Restate, exactly as written, the entries below from the line that holds "Commons T-Shirt - Charcoal" through the line that holds "Women's Cut-out Maxi Dress in Black - 2". Pictures are not part of the copy.

**Records supplied:**
Content starts

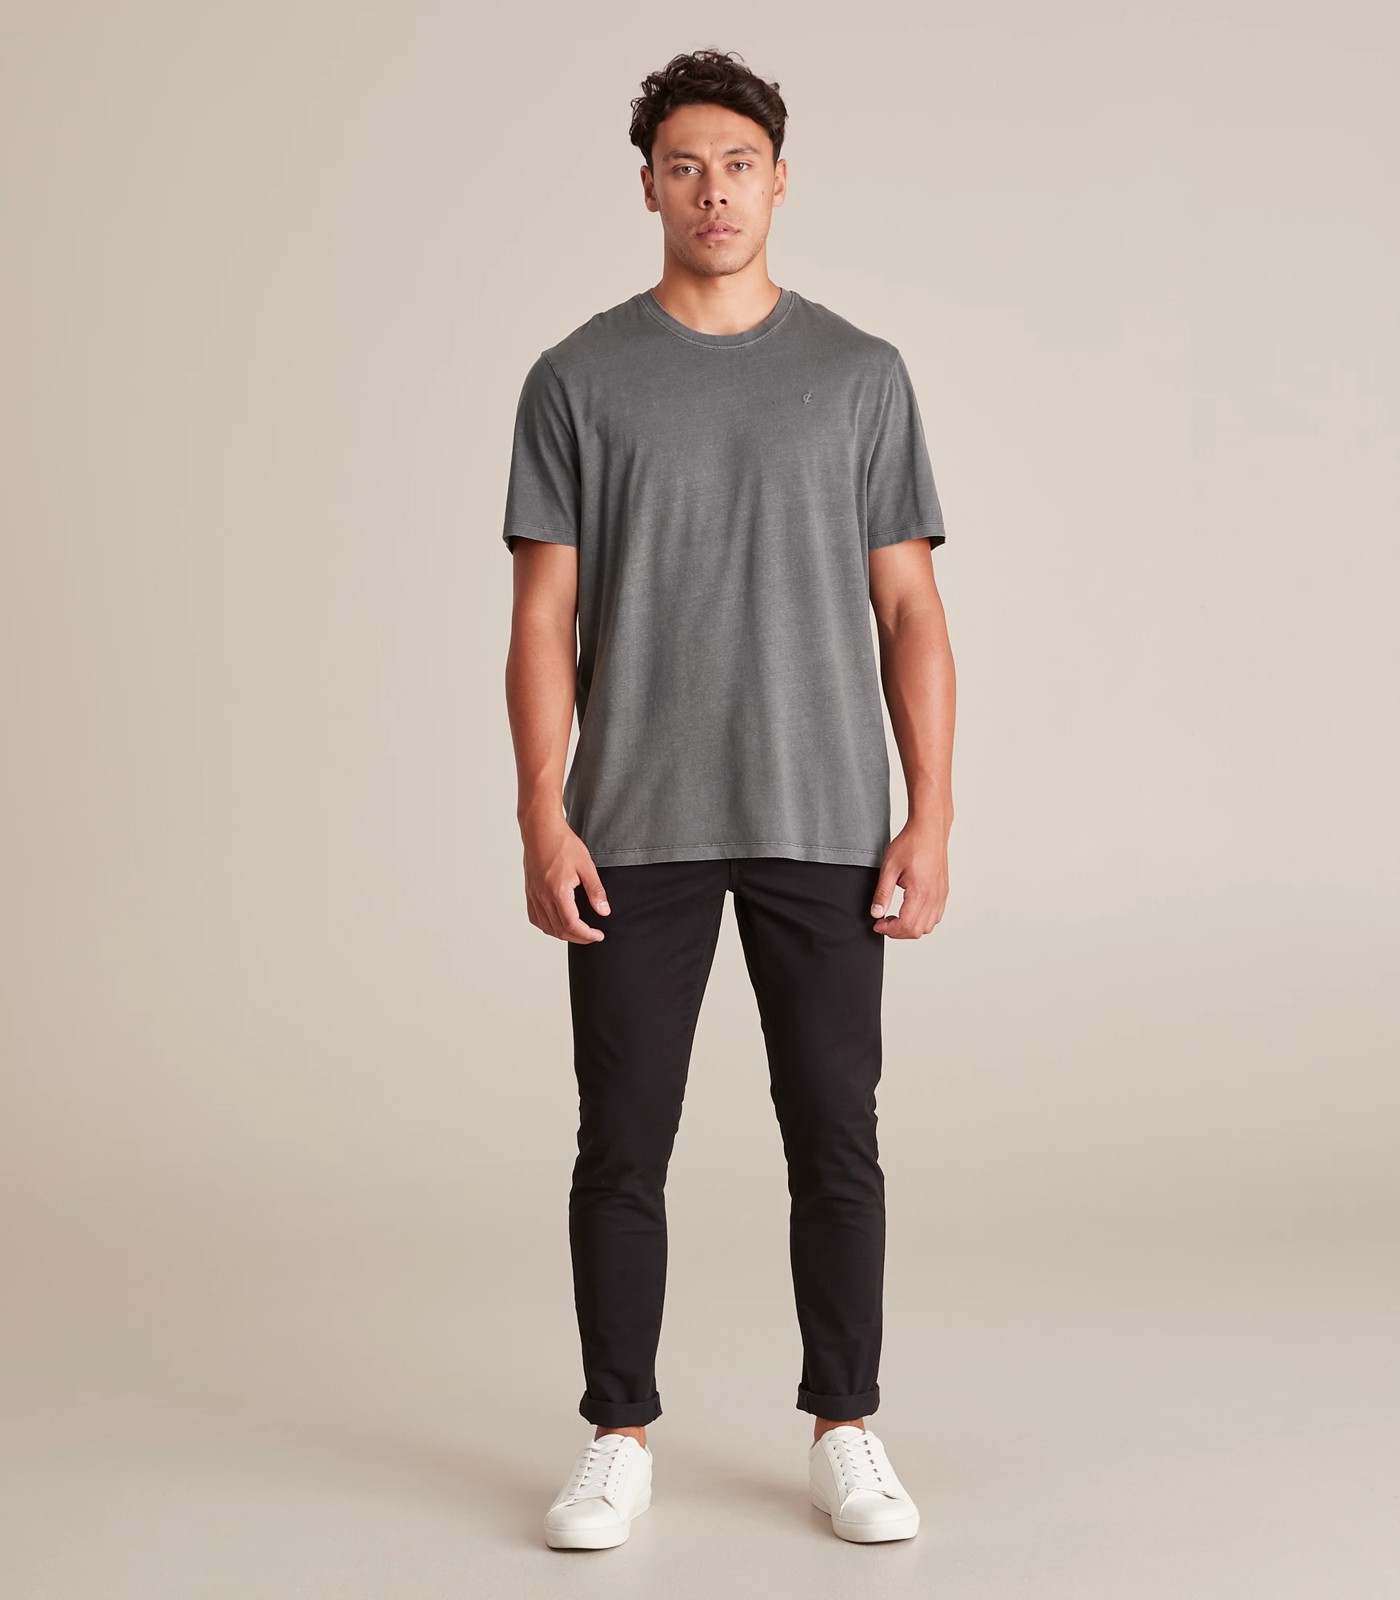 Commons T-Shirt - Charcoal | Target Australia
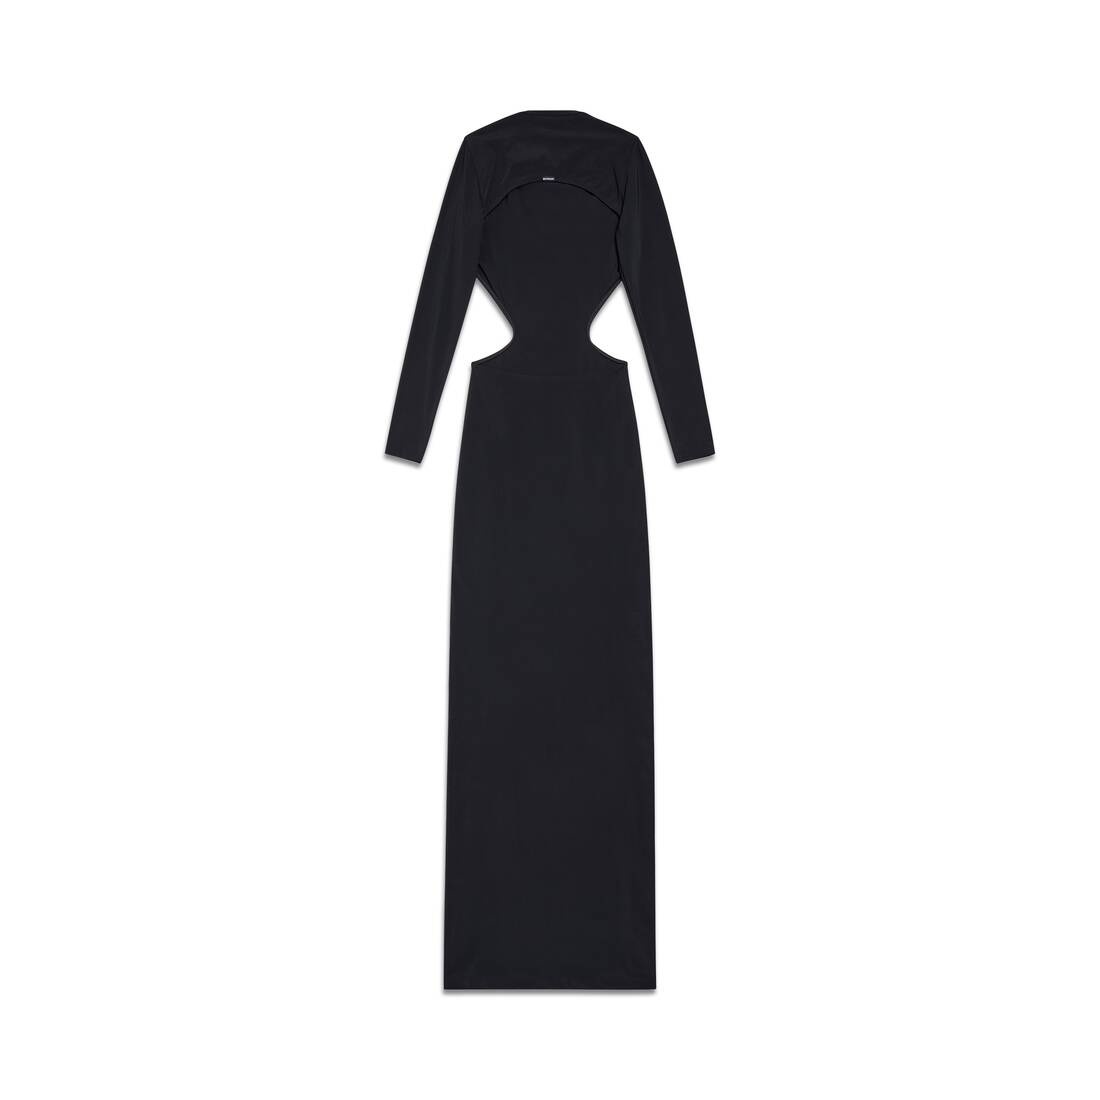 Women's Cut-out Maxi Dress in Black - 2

Content ends
Content starts

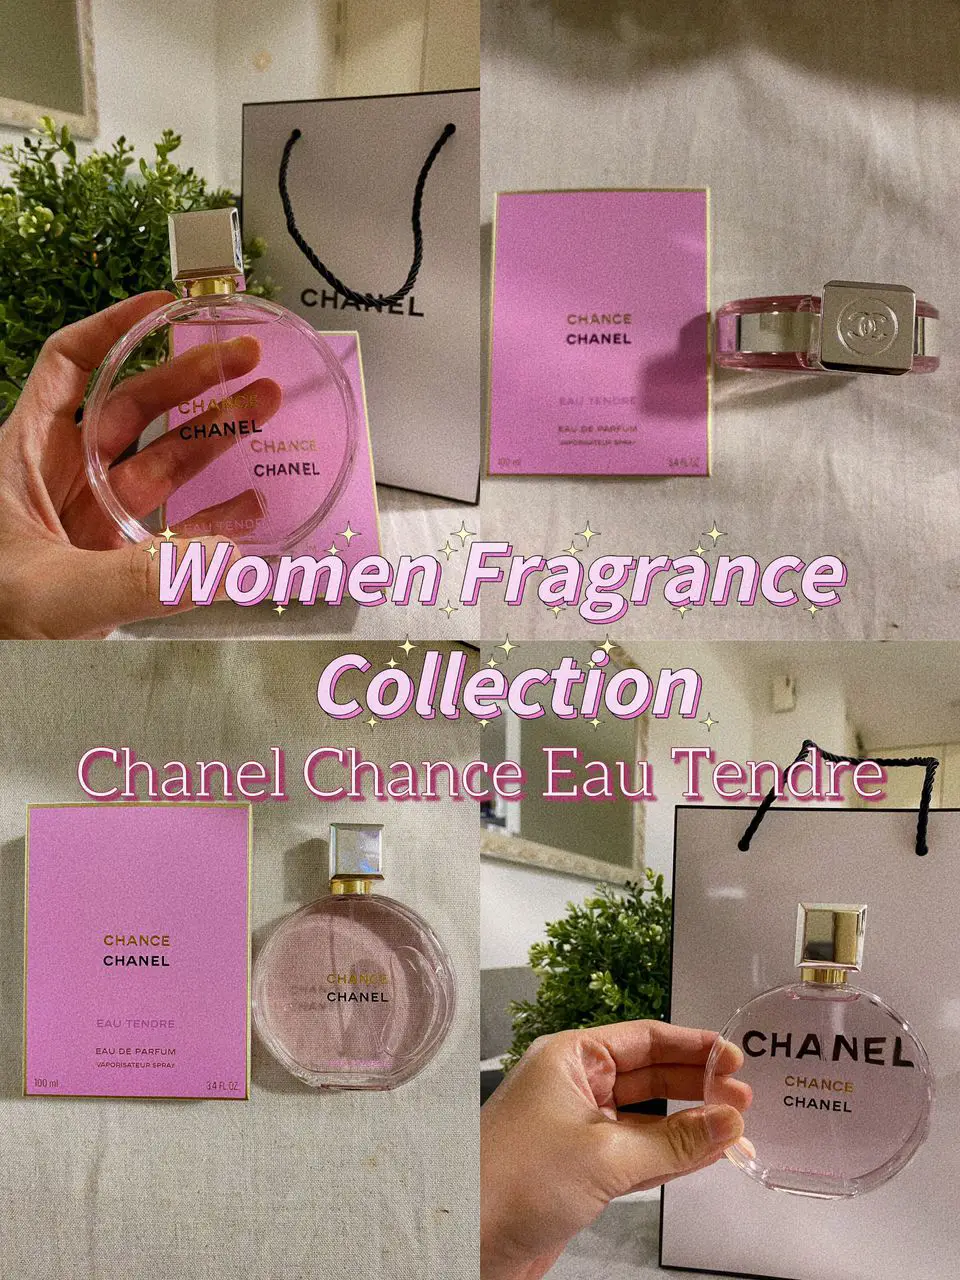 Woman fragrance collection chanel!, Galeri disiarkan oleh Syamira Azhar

Content ends
Content starts

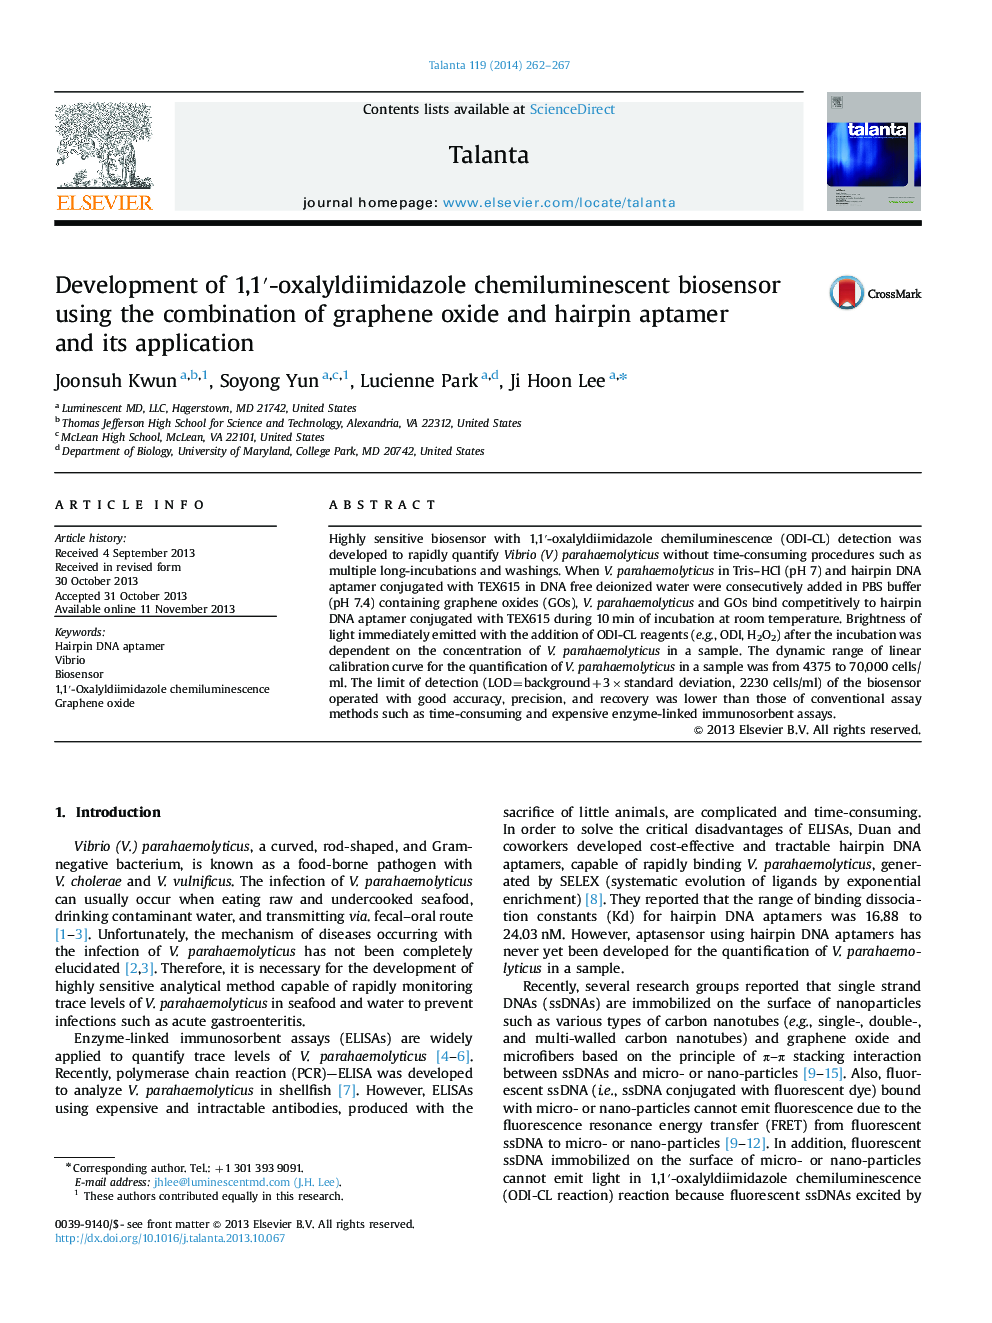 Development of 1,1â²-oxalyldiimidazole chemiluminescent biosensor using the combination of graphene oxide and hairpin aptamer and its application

Content ends

**Solution for this problem:**
 Commons T-Shirt - Charcoal | Target Australia
 Women's Cut-out Maxi Dress in Black - 2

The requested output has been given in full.